- WHAT TO PRODUCE:
Word for word, restate the listing that follows and leave out the images.
RECORDED DATA Block Start
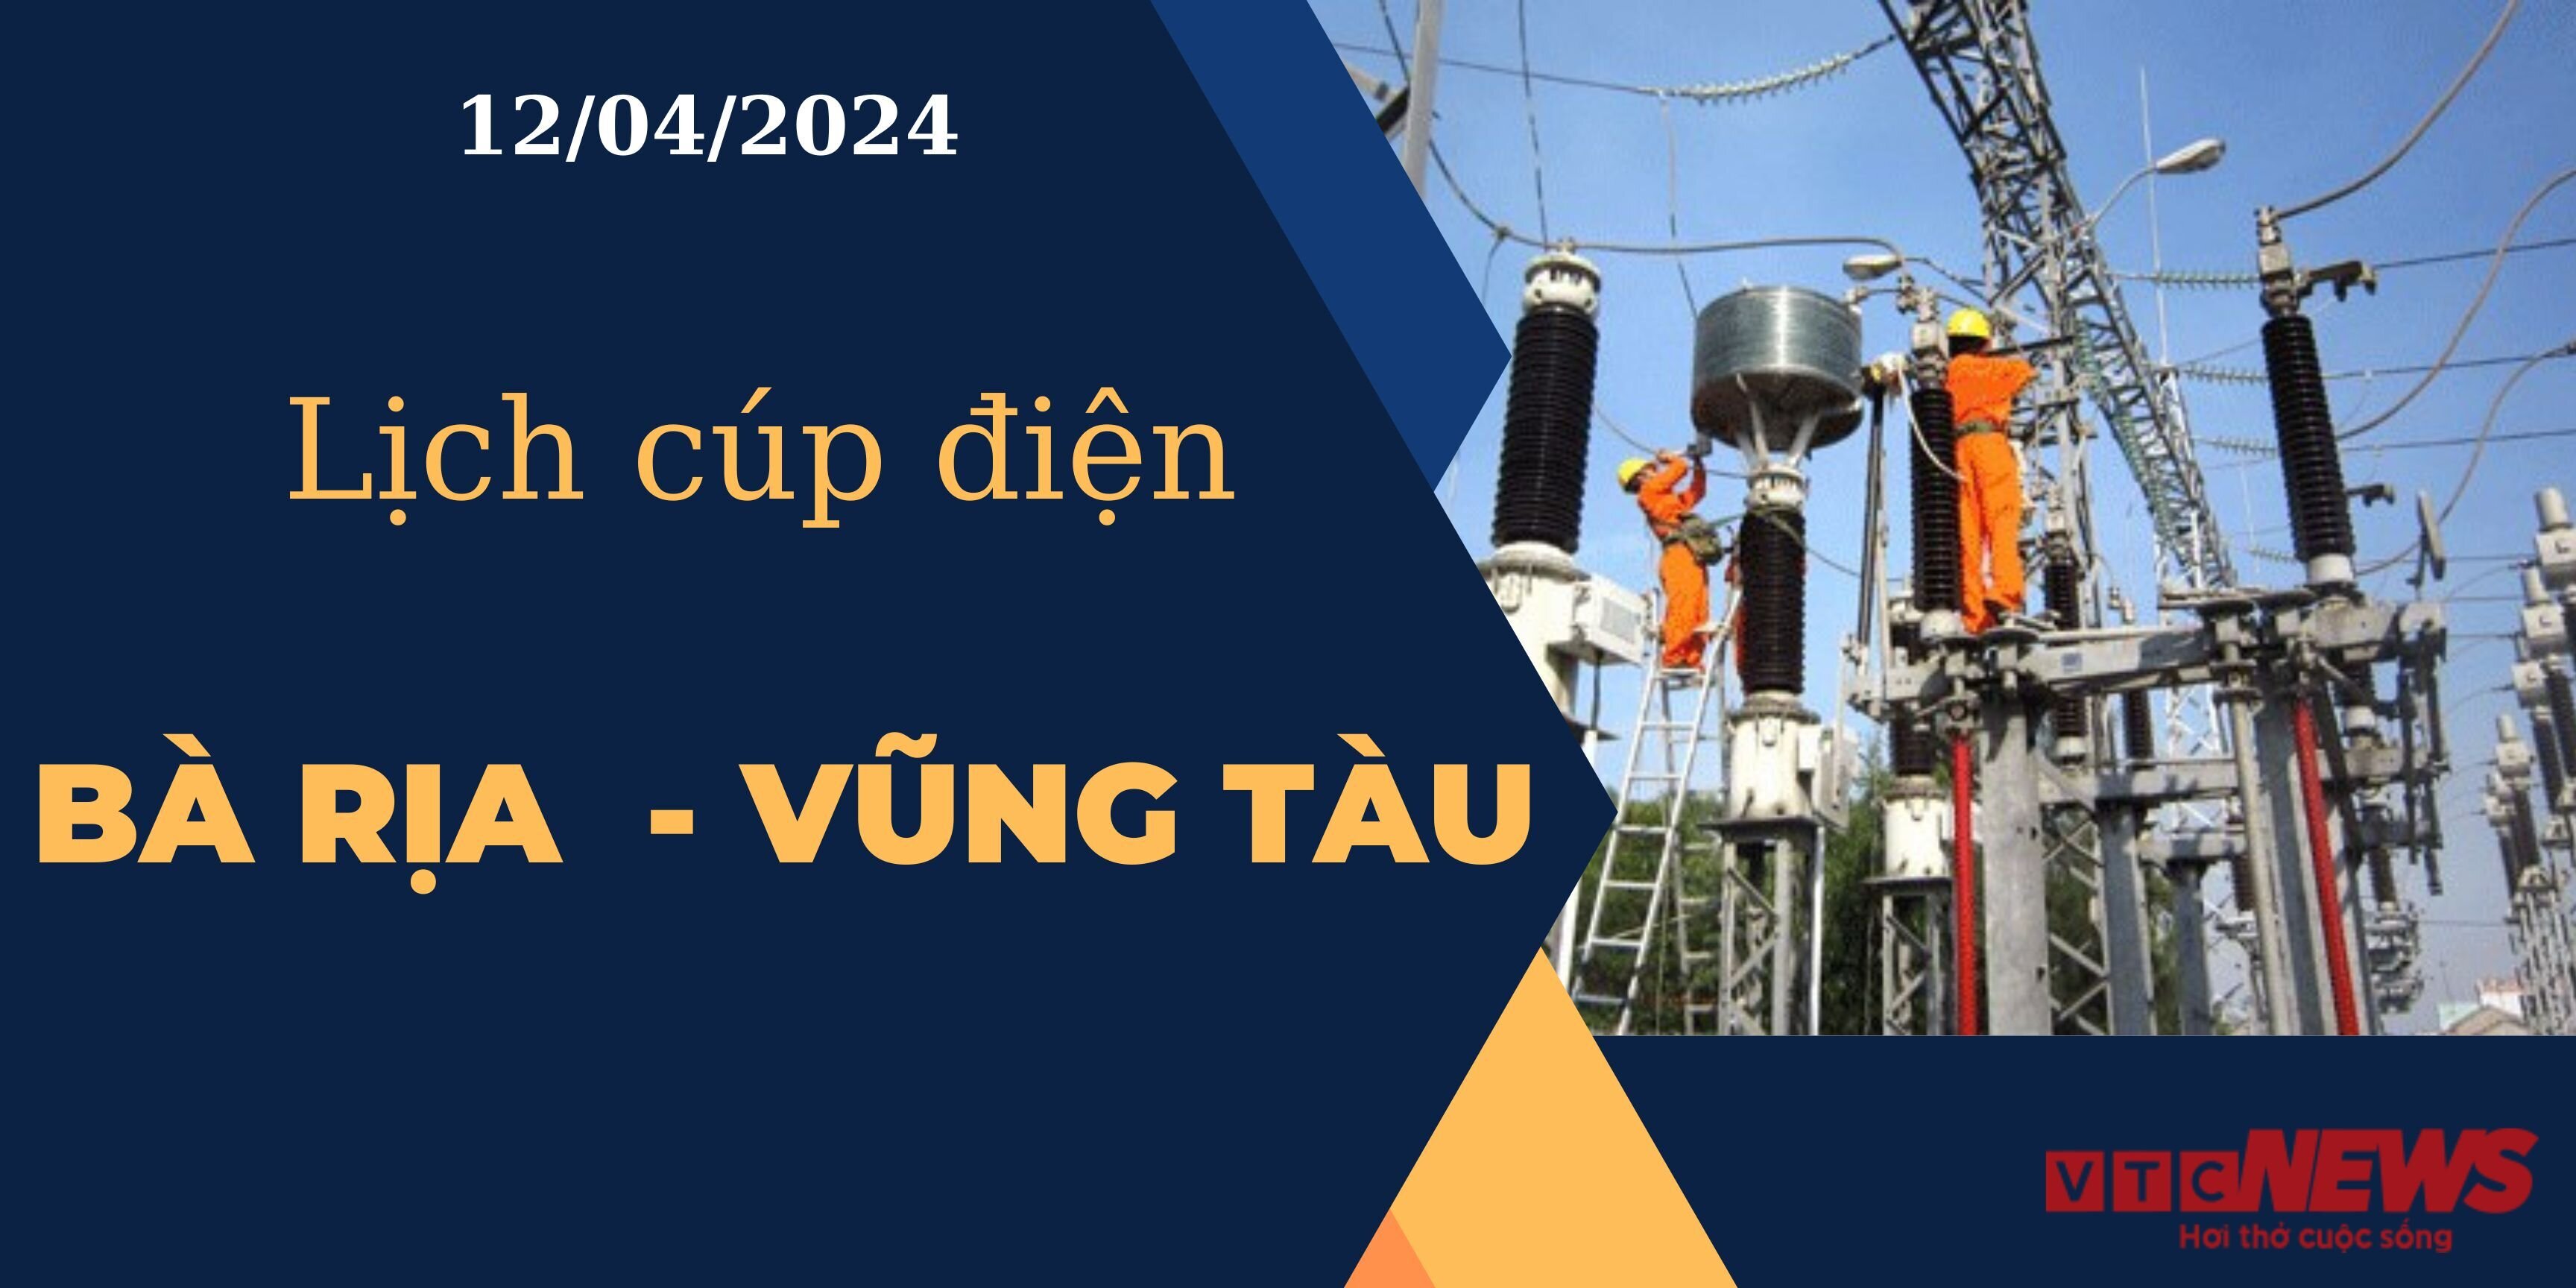 Lịch cúp điện hôm nay ngày 12/04/2024 tại Bà Rịa - Vũng Tàu
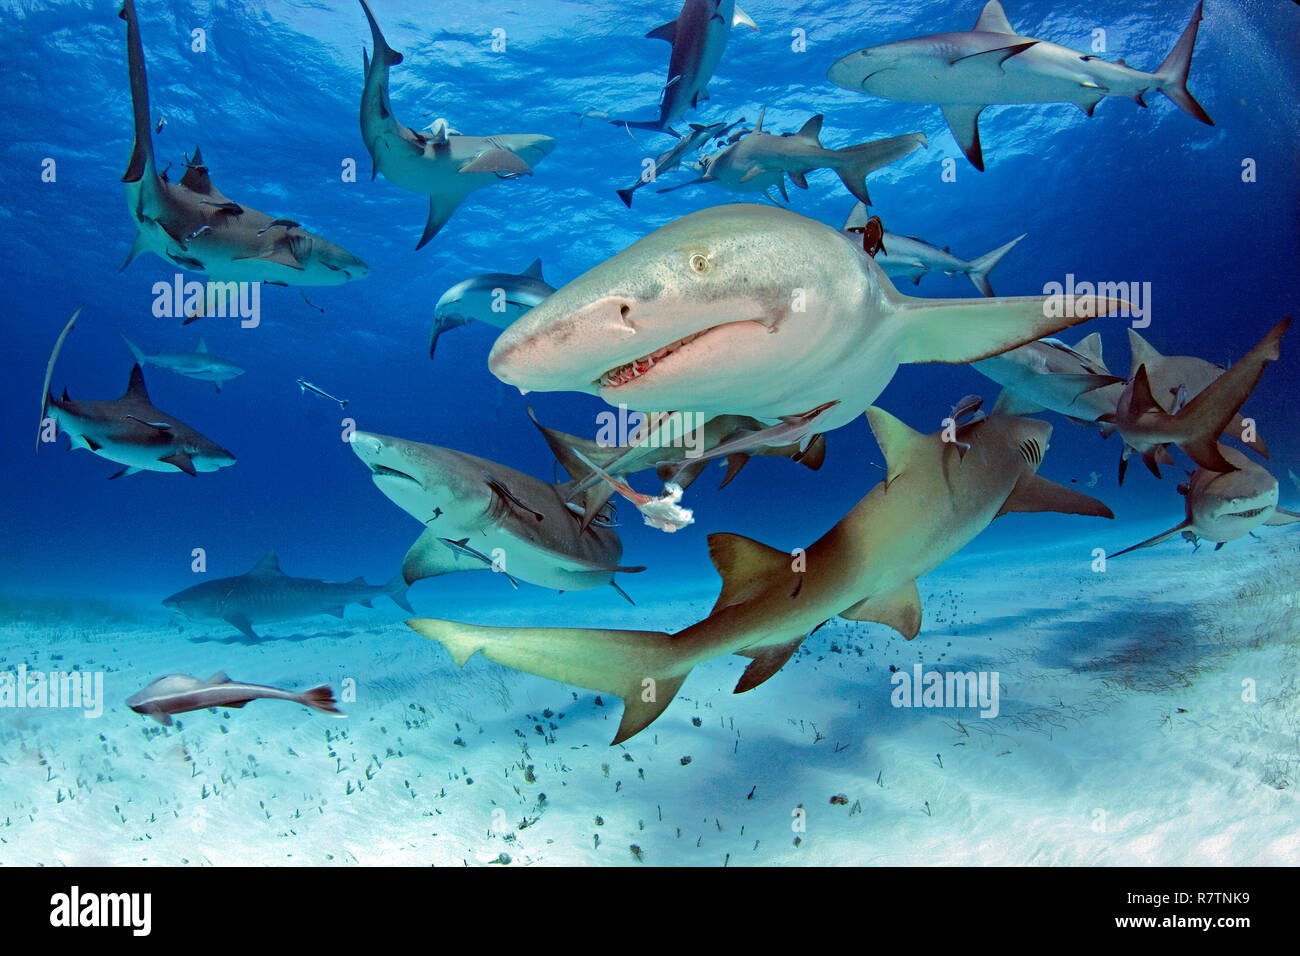 Lemon shark (Negaprion brevirostris), group over sandy bottom, Bahama Banks, Bahamas Stock Photo
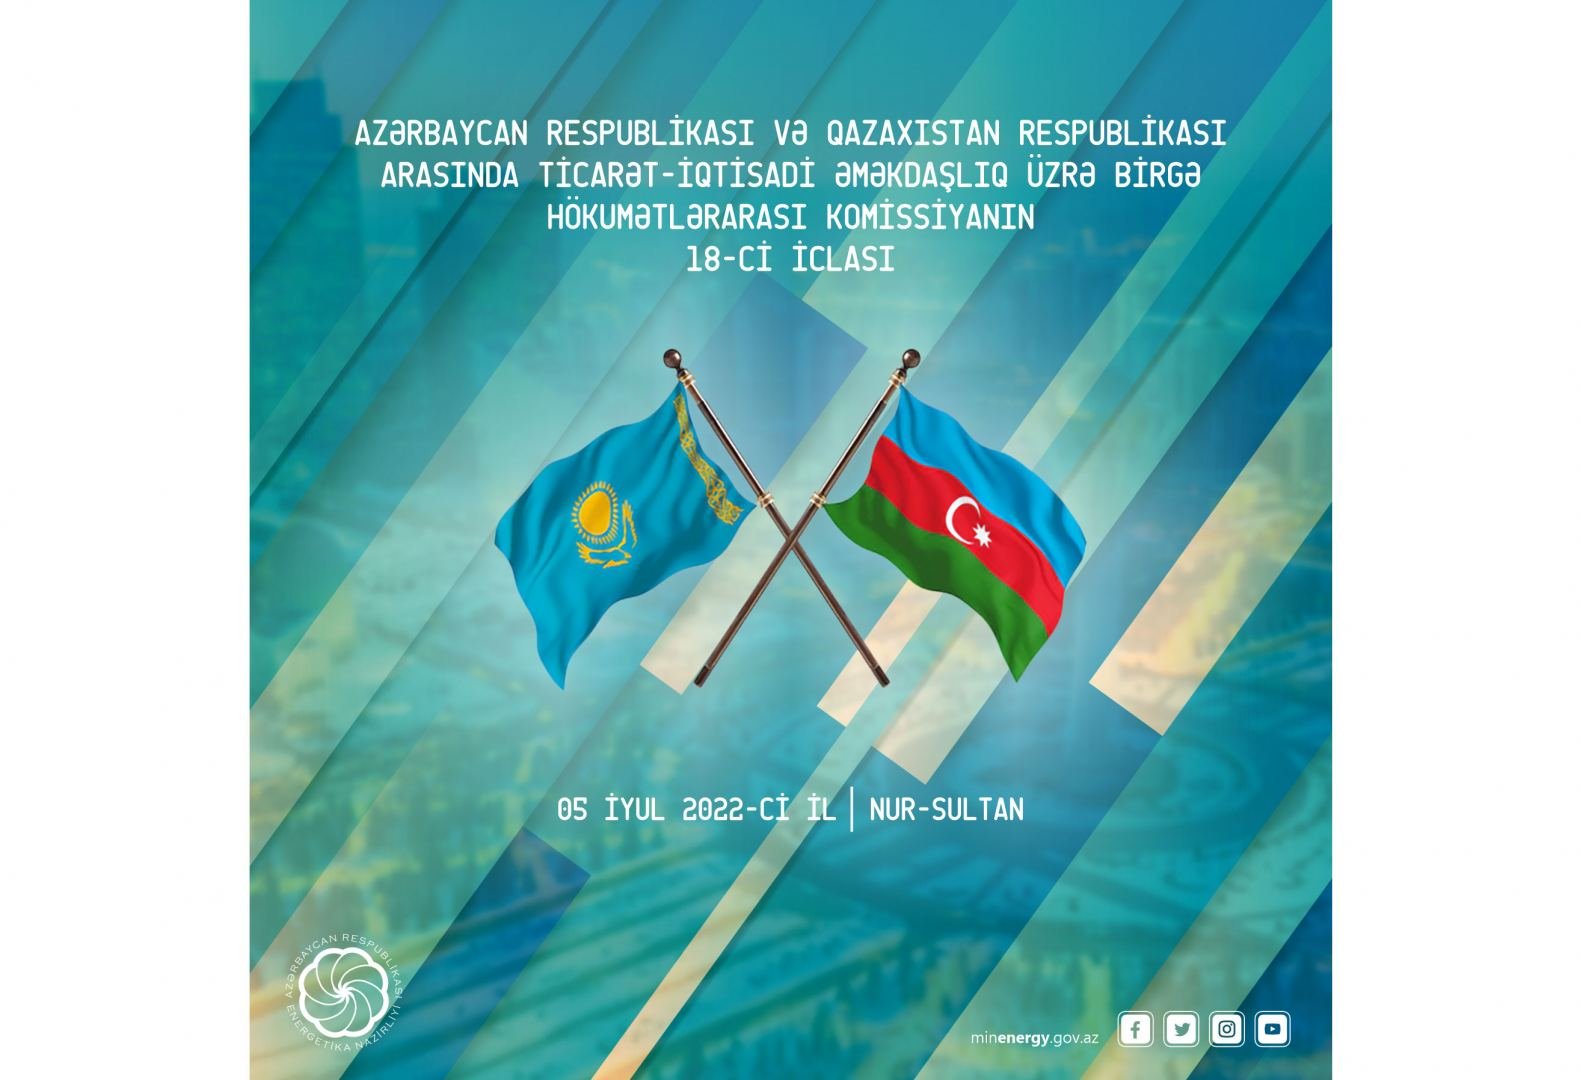 Azərbaycan - Qazaxıstan Birgə Hökumətlərarası Komissiyanın 18-ci iclası keçiriləcək
RECORDED DATA Block End
- OUTPUT FOR THIS TASK:
 Lịch cúp điện hôm nay ngày 12/04/2024 tại Bà Rịa - Vũng Tàu
 Lemon shark (Negaprion brevirostris), group over sandy bottom, Bahama Banks, Bahamas Stock Photo
 Azərbaycan - Qazaxıstan Birgə Hökumətlərarası Komissiyanın 18-ci iclası keçiriləcək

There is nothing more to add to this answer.